Four-function arithmetic. For asymmetric operations (subtraction, division, and modulo), note the order of arguments: second-to-top first, then top.
.. code-block:: python
>>> vm = ForthMachine32("3 5 +")
>>> vm.run()
>>> vm.stack
[8]
.. code-block:: python
>>> vm = ForthMachine32("3 5 -")
>>> vm.run()
>>> vm.stack
[-2]
.. code-block:: python
>>> vm = ForthMachine32("3 5 *")
>>> vm.run()
>>> vm.stack
[15]
Forth, like Python and unlike C and Java, performs floor division, rather than integer division, so negative values round toward minus infinity, rather than rounding toward zero.
.. code-block:: python
>>> vm = ForthMachine32("22 7 /")
>>> vm.run()
>>> vm.stack
[3]
>>> vm = ForthMachine32("-22 7 /")
>>> vm.run()
>>> vm.stack
[-4]
Forth, like Python and unlike C and Java, performs modulo, rather than remainder, so negative values round toward minus infinity, rather than rounding toward zero.
.. code-block:: python
>>> vm = ForthMachine32("22 7 mod")
>>> vm.run()
>>> vm.stack
[1]
>>> vm = ForthMachine32("-22 7 mod")
>>> vm.run()
>>> vm.stack
[6]
The ``/mod`` operation does division and modulo in a single instruction.
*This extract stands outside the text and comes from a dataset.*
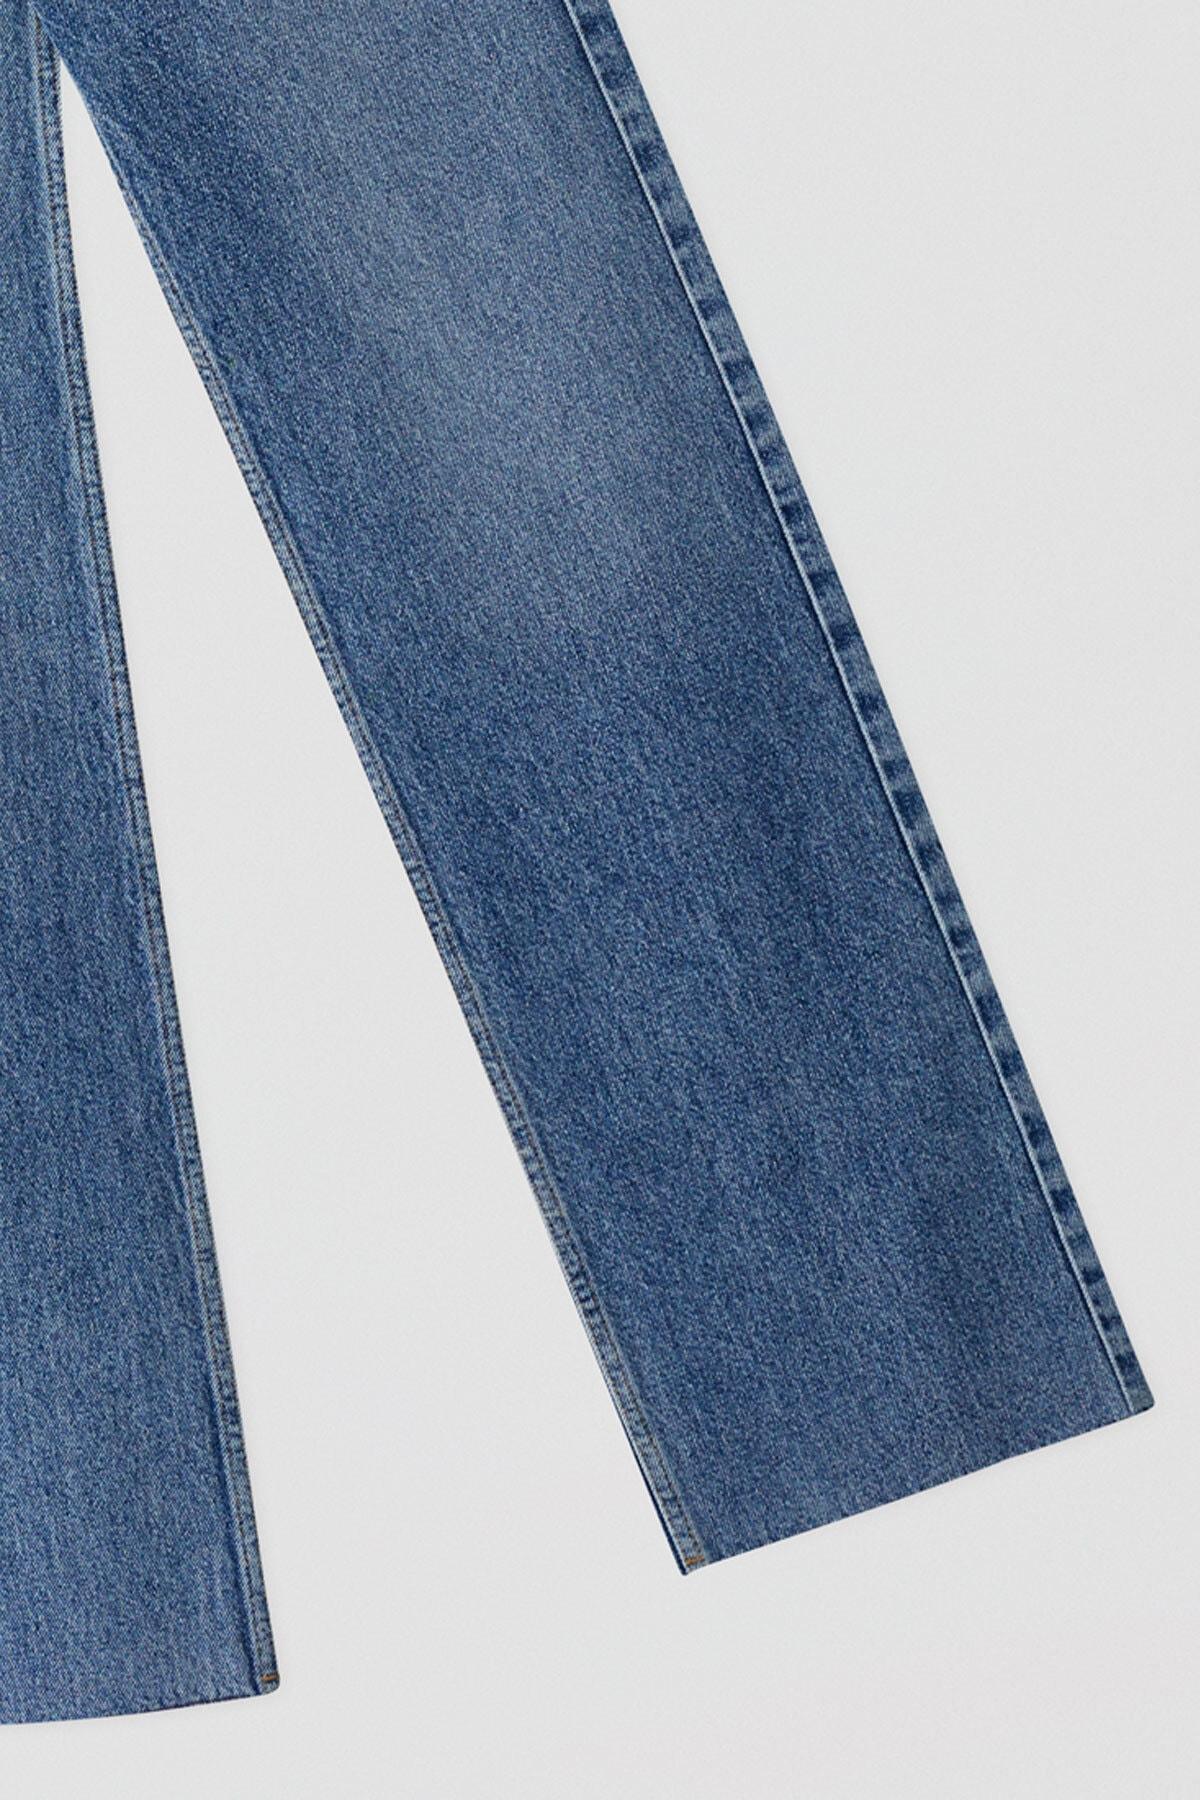 Pull & Bear Kadın Mavi Mavi Yüksek Bel Jean 05684309 2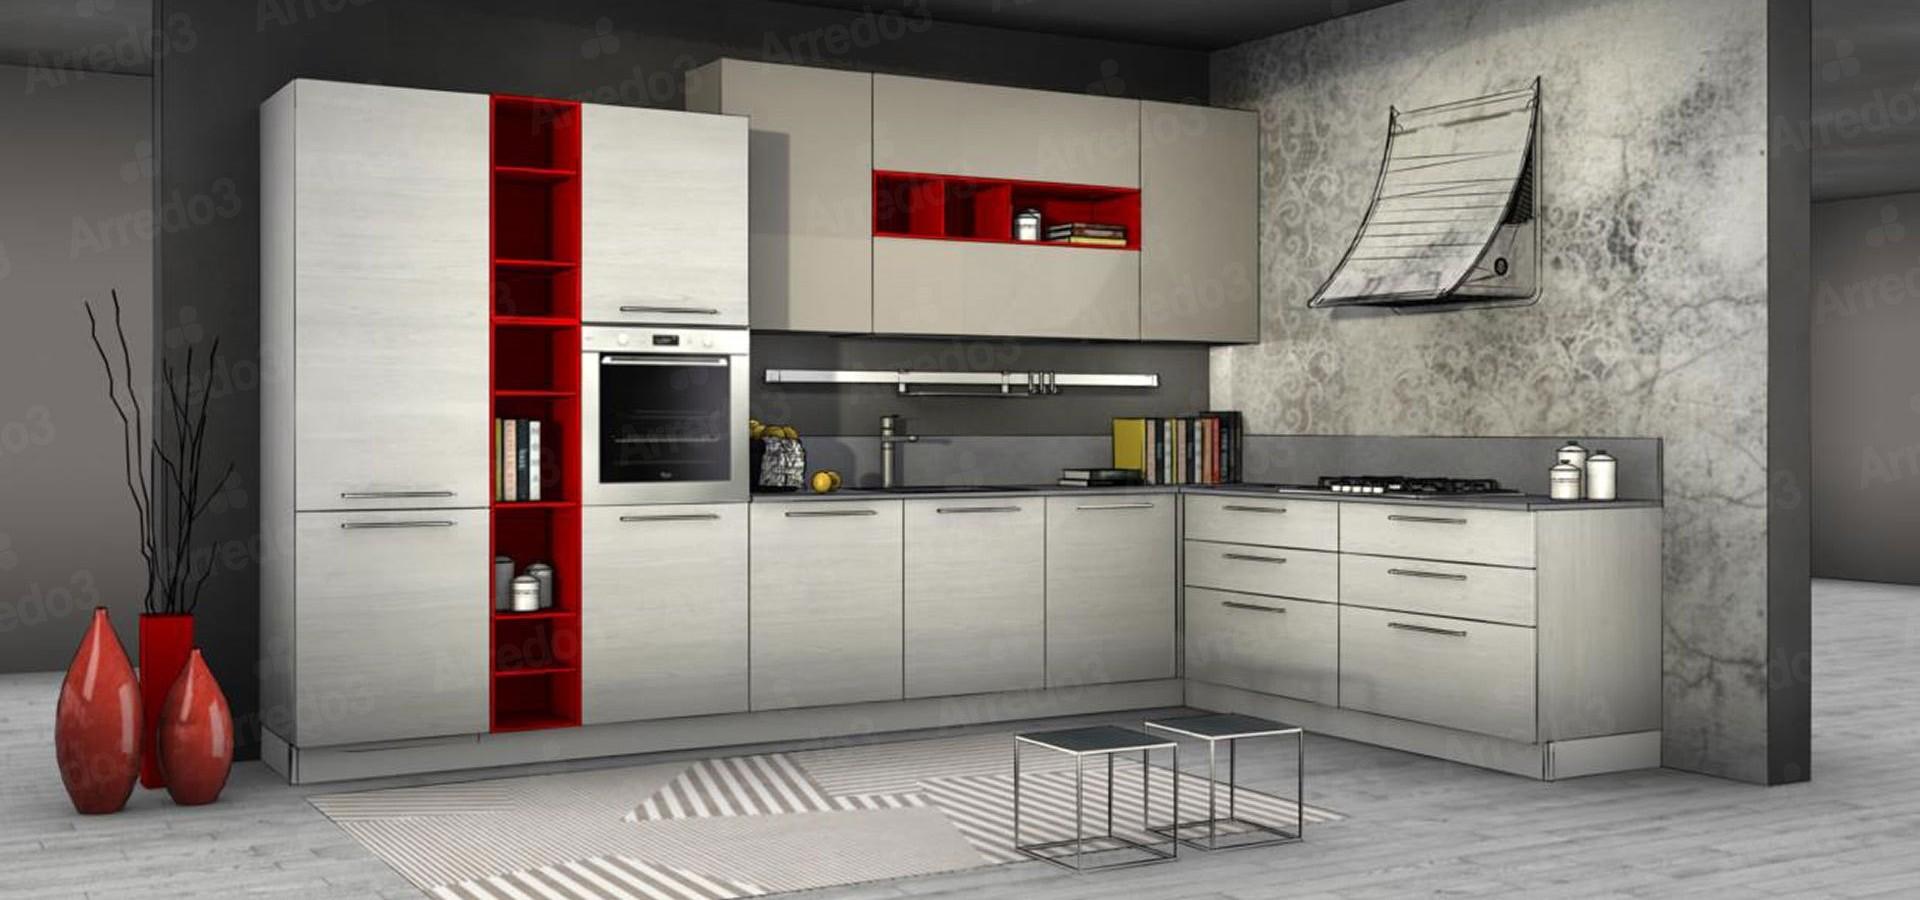 Итальянская КухняCLOE AM06 | Цена на КухняCLOE AM06 ARREDO3

It pushes two values onto the stack.
.. code-block:: python
>>> vm = ForthMachine32("22 7 /mod")
>>> vm.run()
>>> vm.stack
[1, 3]
Division by zero is one of the possible error states for a ForthMachine.
.. code-block:: python
>>> vm = ForthMachine32("22 0 /")
>>> vm.run()
Traceback (most recent call last):
File "<stdin>", line 1, in <module>
ValueError: 'division by zero' in AwkwardForth runtime: tried to divide by zero
`negate <https://forth-standard.org/standard/core/NEGATE>`__, `1+ <https://forth-standard.org/standard/core/OnePlus>`__, `1- <https://forth-standard.org/standard/core/OneMinus>`__, `abs <https://forth-standard.org/standard/core/ABS>`__
*******************************************************************************************************************************************************************************************************************************************
Unary functions pop one value from the stack and push the result.
.. code-block:: python
>>> vm = ForthMachine32("12 negate")
>>> vm.run()
>>> vm.stack
[-12]
.. code-block:: python
>>> vm = ForthMachine32("12 1+")
>>> vm.run()
>>> vm.stack
[13]
.. code-block:: python
>>> vm = ForthMachine32("12 1-")
>>> vm.run()
>>> vm.stack
[11]
.. code-block:: python
>>> vm = ForthMachine32("-12 abs")
>>> vm.run()
>>> vm.stack
[12]
`min <https://forth-standard.org/standard/core/MIN>`__ and `max <https://forth-standard.org/standard/core/MAX>`__
*****************************************************************************************************************
The ``min`` and ``max`` words pop two values from the stack and push one.
.. code-block:: python
>>> vm = ForthMachine32("3 5 min")
>>> vm.run()
>>> vm.stack
[3]
>>> vm = ForthMachine32("3 5 max")
>>> vm.run()
>>> vm.stack
[5]
`= <https://forth-standard.org/standard/core/Equal>`__, `<> <https://forth-standard.org/standard/core/ne>`__, `> <https://forth-standard.org/standard/core/more>`__, >=, `< <https://forth-standard.org/standard/core/less>`__, <=
**********************************************************************************************************************************************************************************************************************************
Comparison operators pop two values from the stack and either push ``-1`` (true) or ``0`` (false).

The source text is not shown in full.